## Task details
Exclude the pictures, and otherwise reproduce the data in full.

## Collected data
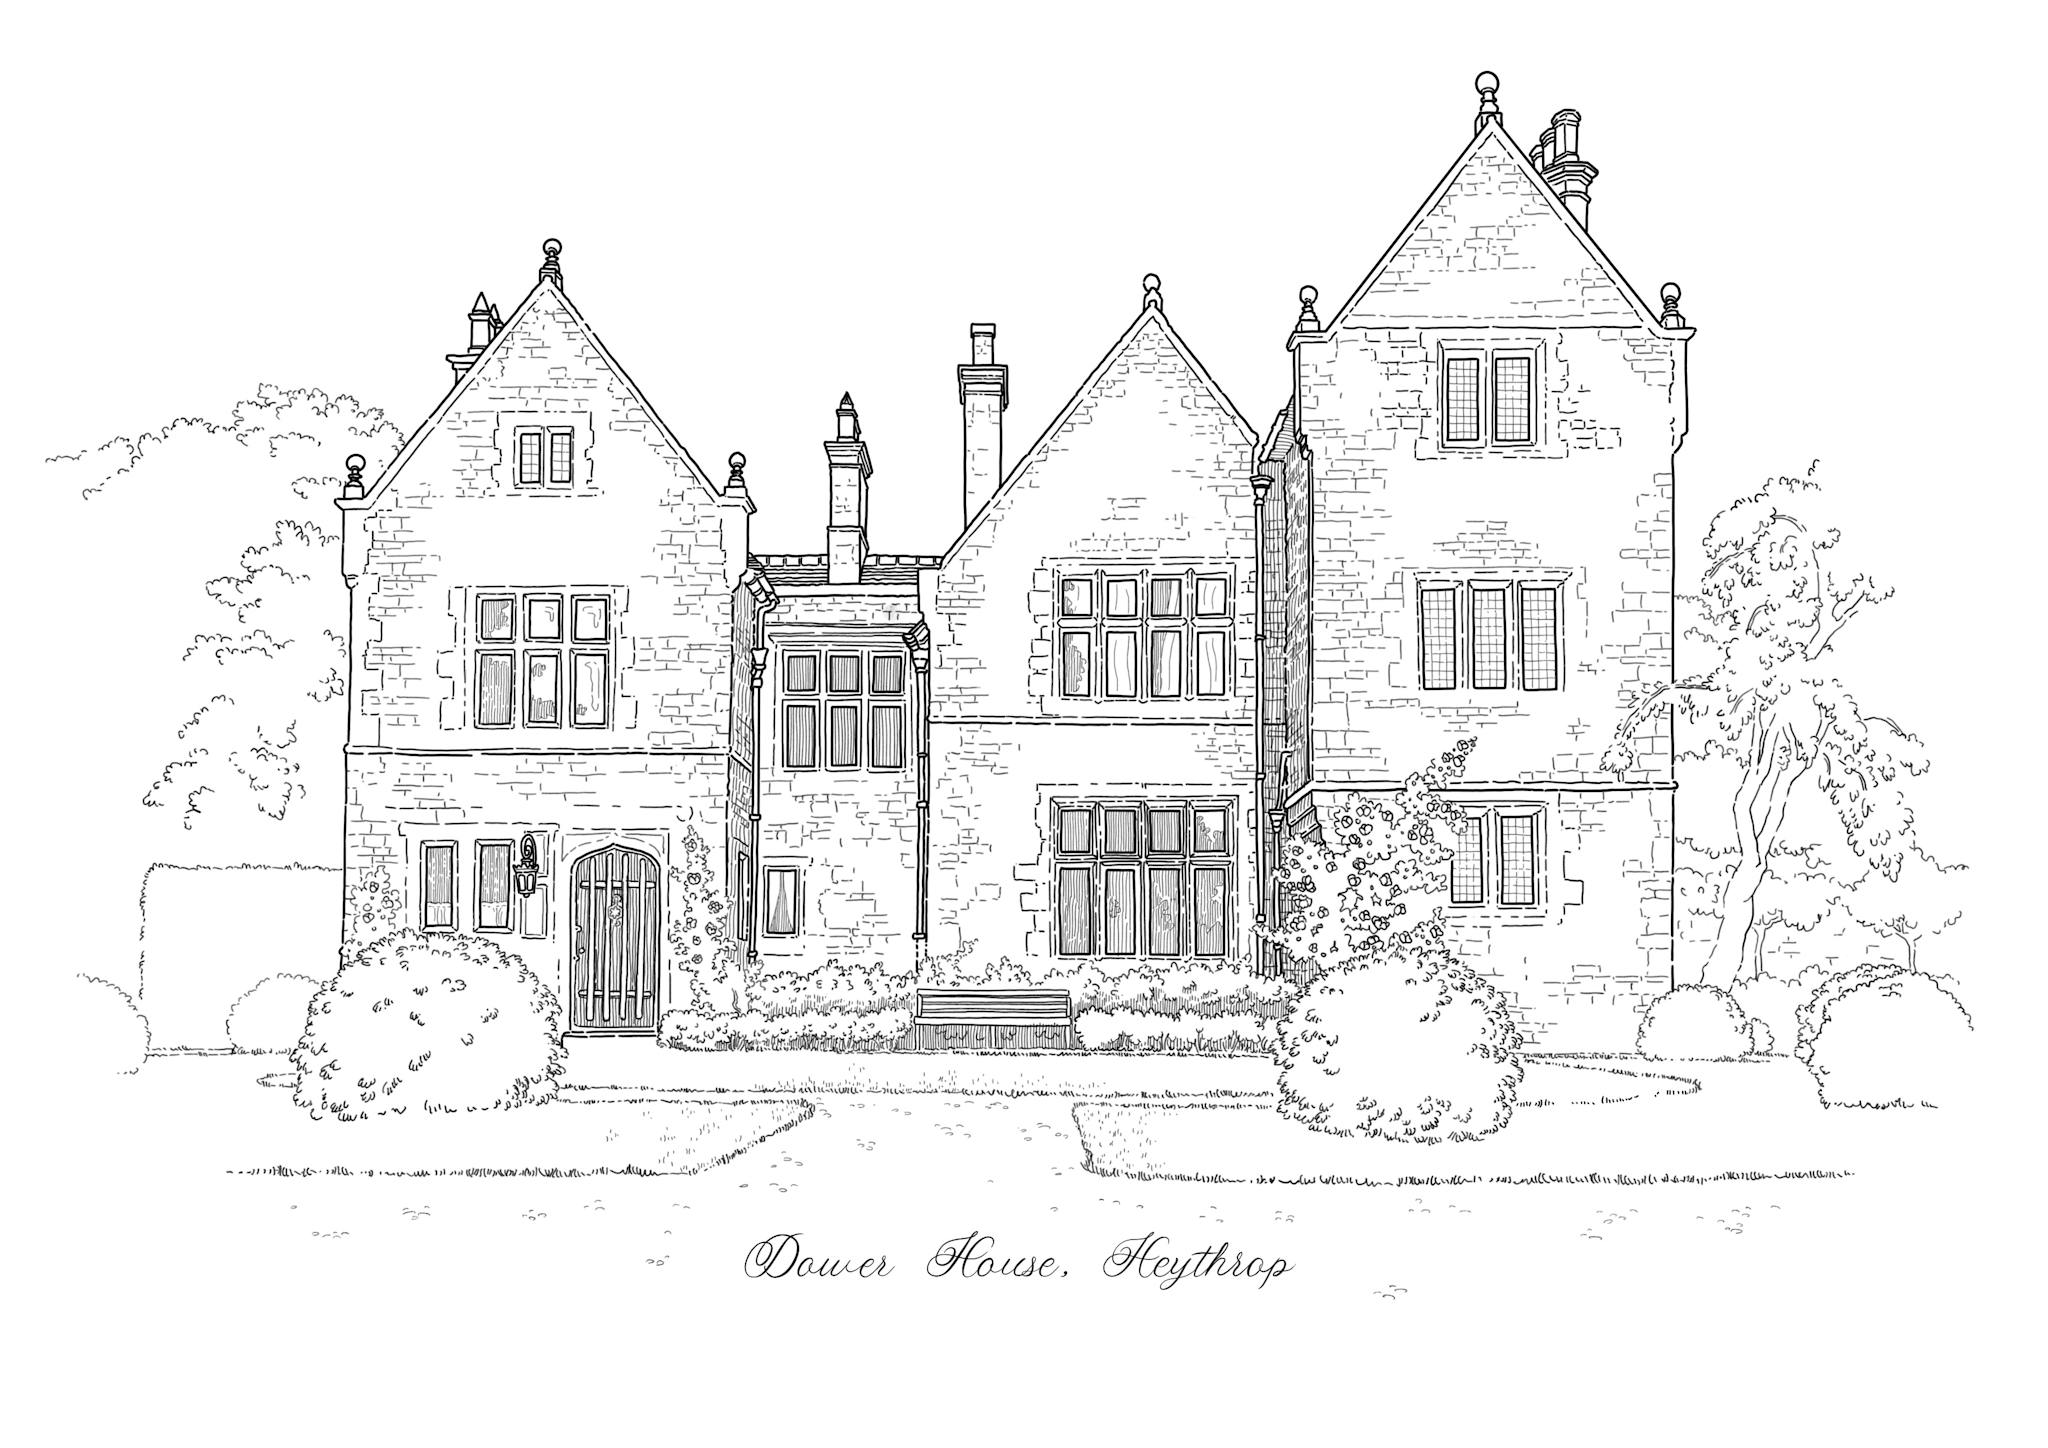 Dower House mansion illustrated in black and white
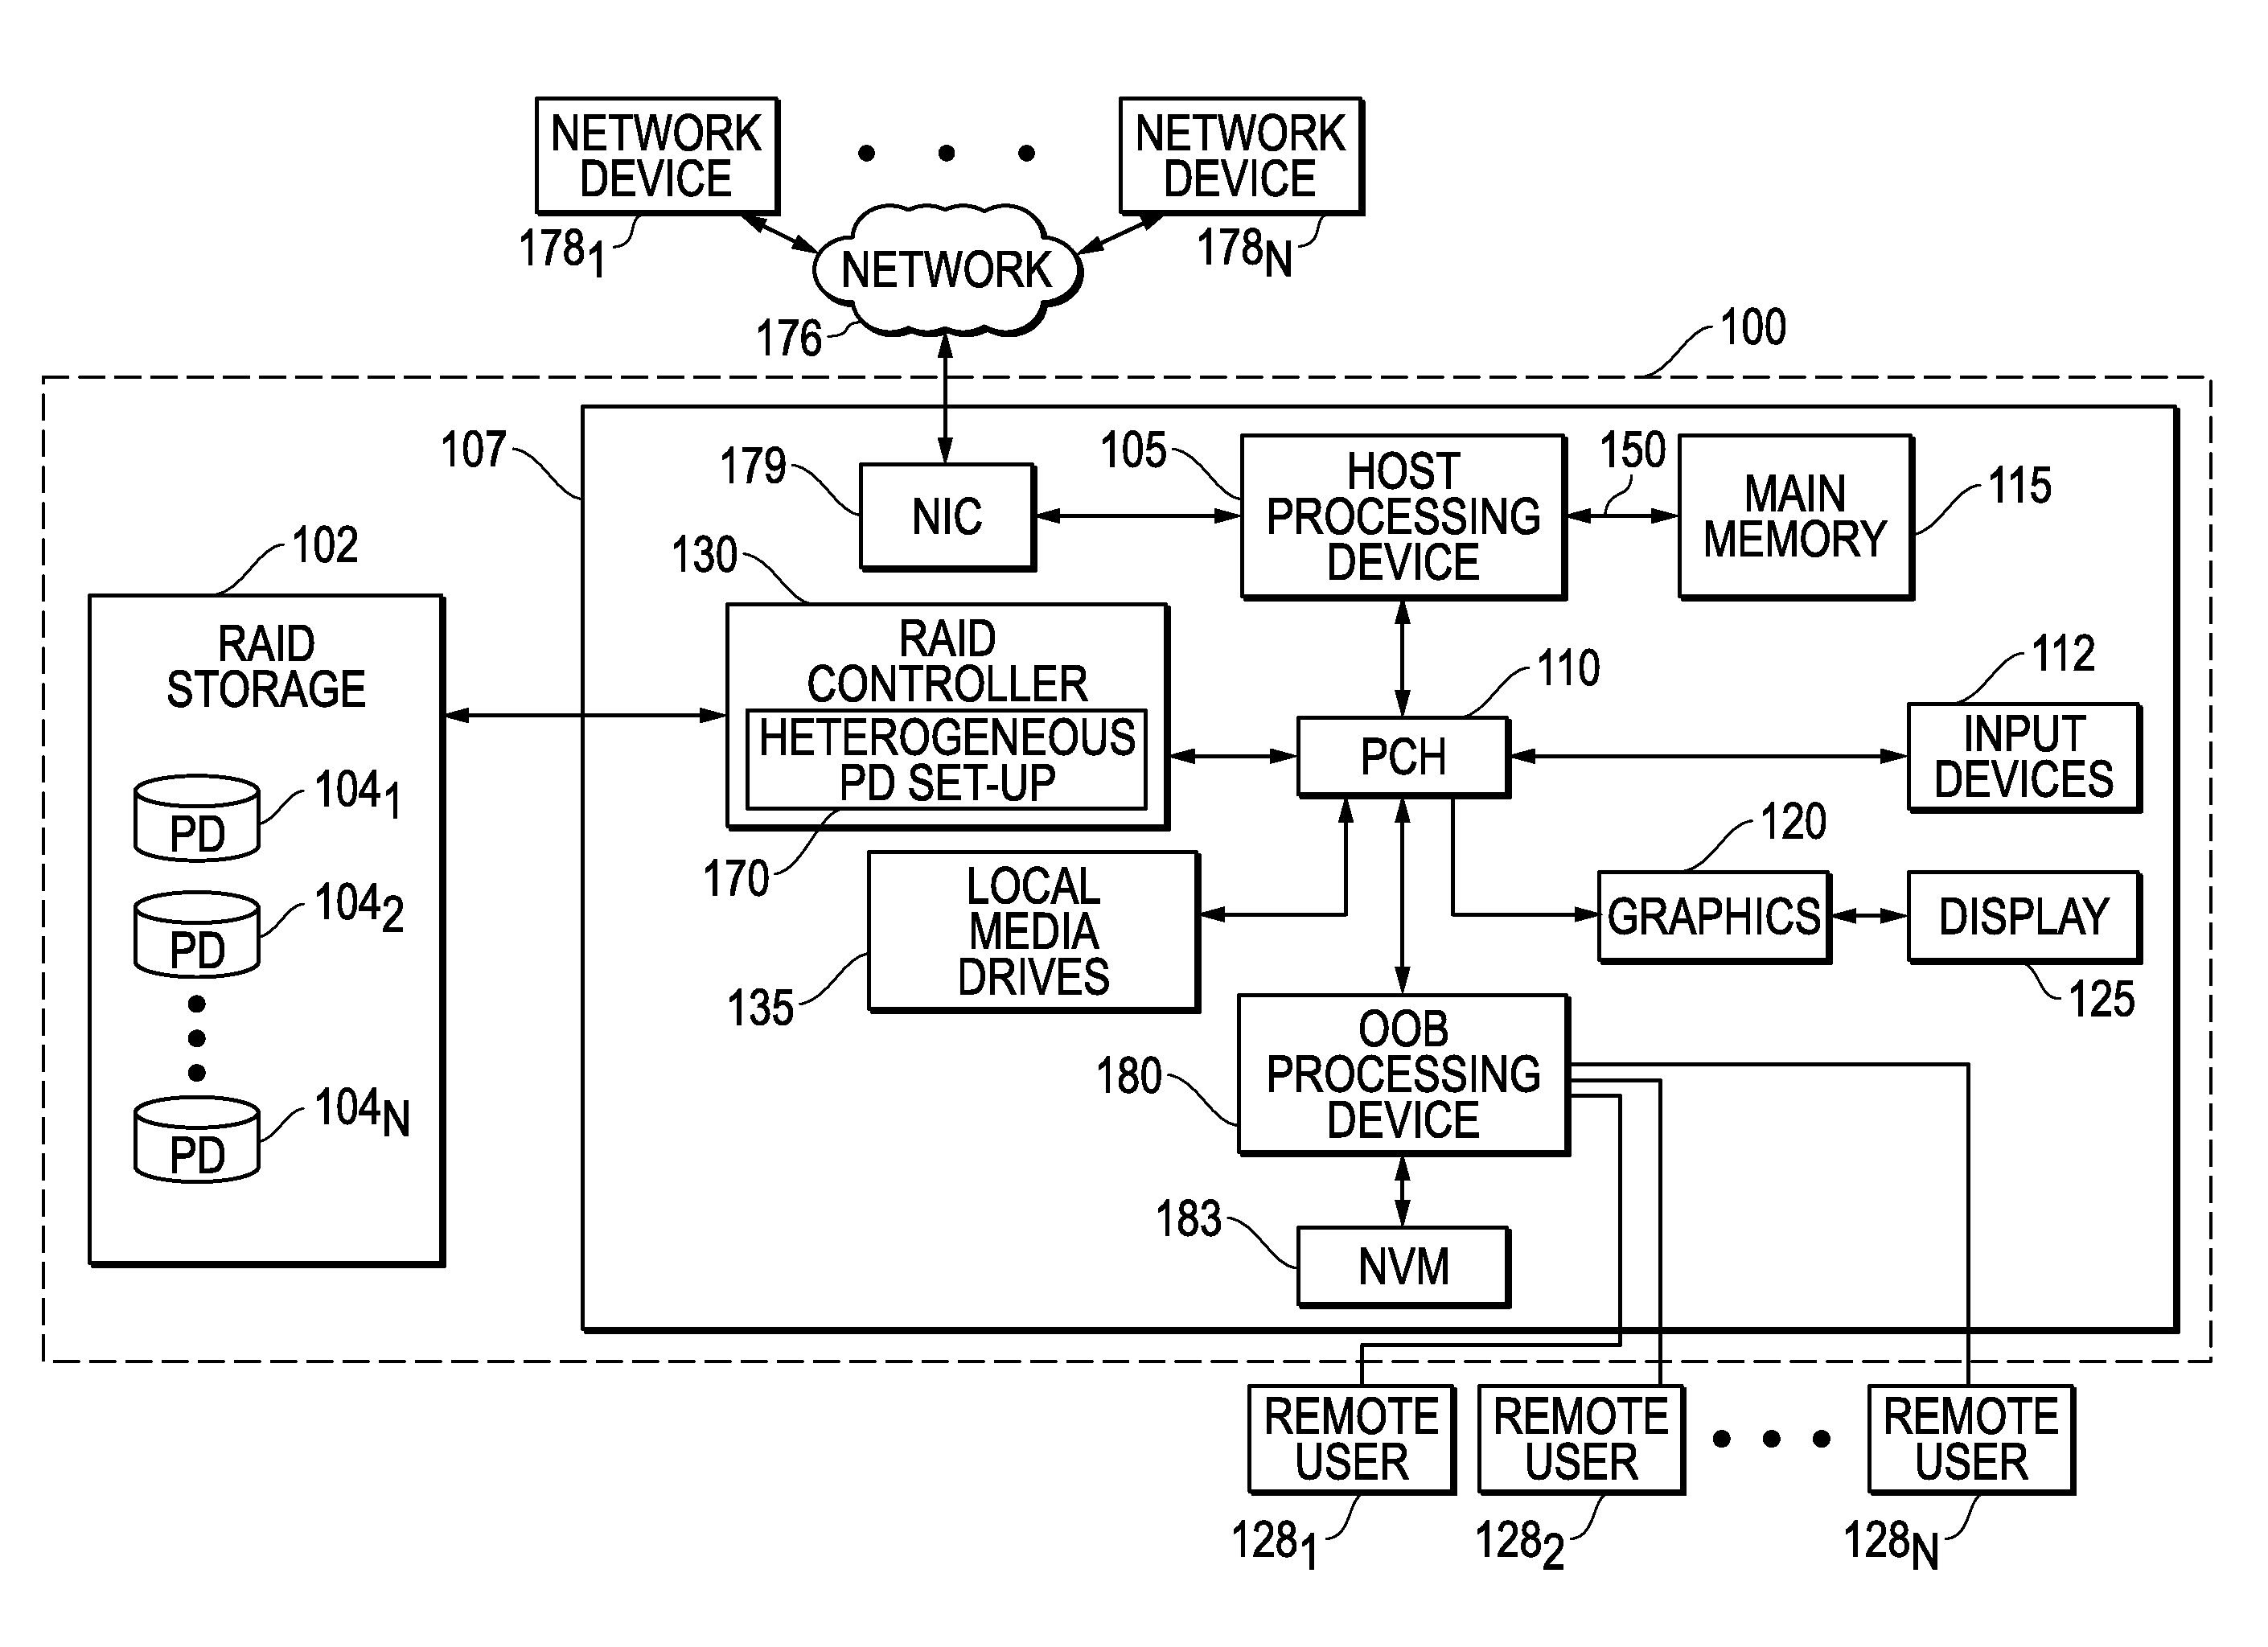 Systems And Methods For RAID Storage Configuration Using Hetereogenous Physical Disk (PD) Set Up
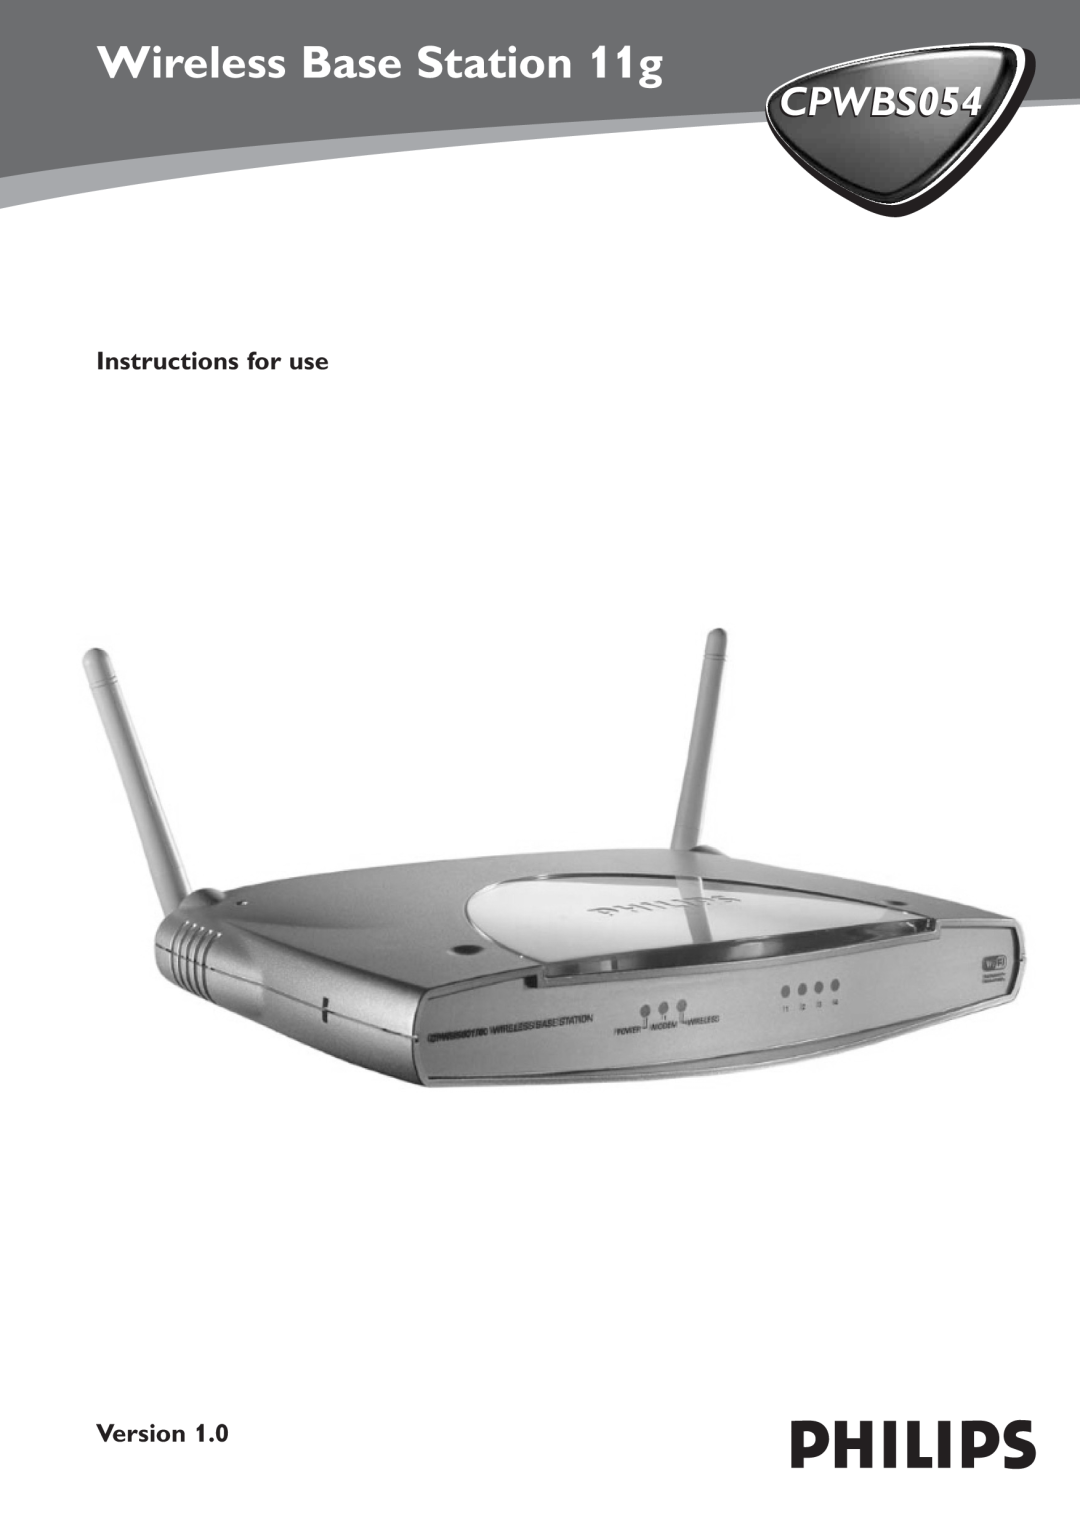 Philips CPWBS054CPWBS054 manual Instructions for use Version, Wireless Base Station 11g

## Answer for this exercise
 Dower House mansion illustrated in black and white
 Systems And Methods For RAID Storage Configuration Using Hetereogenous Physical Disk (PD) Set Up
 Philips CPWBS054CPWBS054 manual Instructions for use Version, Wireless Base Station 11g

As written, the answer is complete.